An audit of eToro’s financial statements in accordance with PCAOB standards is currently in process and will be included in the
proxy statement/prospectus with respect to the business combination. Accordingly, there may be material differences between the presentation
of eToro’s historical financial statements included in this communication and in the proxy statement/prospectus, including with
respect to, among others, the method of accounting for assets held by eToro’s customers on eToro’s platforms, the method of
accounting for revenue attributable to trading in asset classes and jurisdictions where we are not registered as a broker-dealer, off
balance sheet items, timing of revenue recognition and asset classification.
No Offer or Solicitation
This communication is not a proxy statement or solicitation
or a proxy, consent or authorization with respect to any securities or in respect of the proposed business combination and shall not constitute
an offer to sell or exchange, or a solicitation of an offer to buy or exchange, the securities of eToro, FinTech V or the combined company,
nor shall there be any sale of securities in any jurisdiction in which such offer, solicitation, sale or exchange would be unlawful prior
to registration or qualification under the securities laws of any such jurisdiction.
Additional Information about the Business Combination
and Where to Find It
eToro intends to file a registration statement on
Form F-4 with the SEC, which will include a preliminary proxy statement to be distributed to FinTech V’s stockholders in connection
with FinTech V’s solicitation of proxies for the vote by FinTech V’s stockholders with respect to the proposed business combination.

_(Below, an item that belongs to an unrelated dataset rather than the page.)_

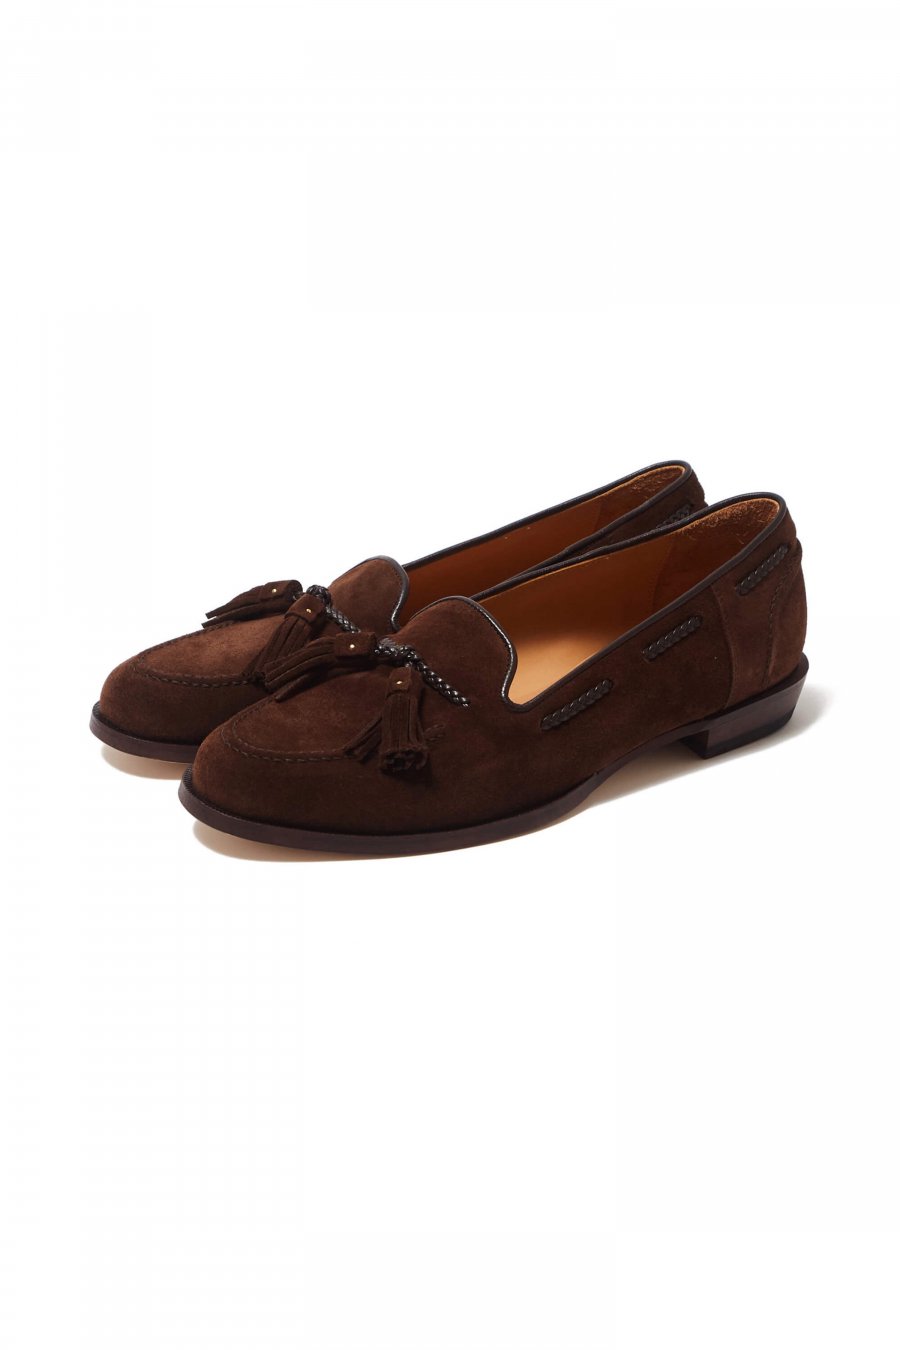 SUGARHILL  SUEDE LOAFER COUPE(BROWN SUEDE)<img class='new_mark_img2' src='https://img.shop-pro.jp/img/new/icons15.gif' style='border:none;display:inline;margin:0px;padding:0px;width:auto;' />

After the registration statement has been filed and declared effective, FinTech V will mail a definitive proxy statement / prospectus
to its stockholders as of the record date established for voting on the proposed business combination and the other proposals regarding
the proposed business combination set forth in the proxy statement. eToro or FinTech V may also file other documents with the SEC regarding
the proposed business combination.
Before making any voting or investment decision,
investors and security holders are urged to carefully read the entire registration statement and proxy statement / prospectus and any
other relevant documents filed with the SEC, and the definitive versions thereof (when they become available and including all amendments
and supplements thereto). Investors and security holders will be able to obtain free copies of the registration statement, the proxy statement/prospectus
and all other relevant documents filed or that will be filed with the SEC by eToro or FinTech V through the website maintained by the
SEC at www.sec.gov.
Participants in the Solicitation
eToro and FinTech V and their respective directors
and executive officers may be deemed to be participants in the solicitation of proxies from stockholders of FinTech V in connection with
the proposed business combination under the rules of the SEC. FinTech V’s stockholders, eToro’s shareholders and other interested
persons may obtain, without charge, more detailed information regarding the names, affiliations and interests of directors and executive
officers of eToro and FinTech V in FinTech V’s final prospectus filed with the SEC on December 7, 2020 or eToro’s Form F-4
(when available), as applicable, as well as their other filings with the SEC. Other information regarding persons who may, under the rules
of the SEC, be deemed the participants in the proxy solicitation of FinTech V’s stockholders in connection with the proposed business
combination and a description of their direct and indirect interests, by security holdings or otherwise, will be included in the preliminary
proxy statement / prospectus and will be contained in other relevant materials to be filed with the SEC regarding the proposed business
combination (if and when they become available). You may obtain free copies of these documents at the SEC’s website at www.sec.gov.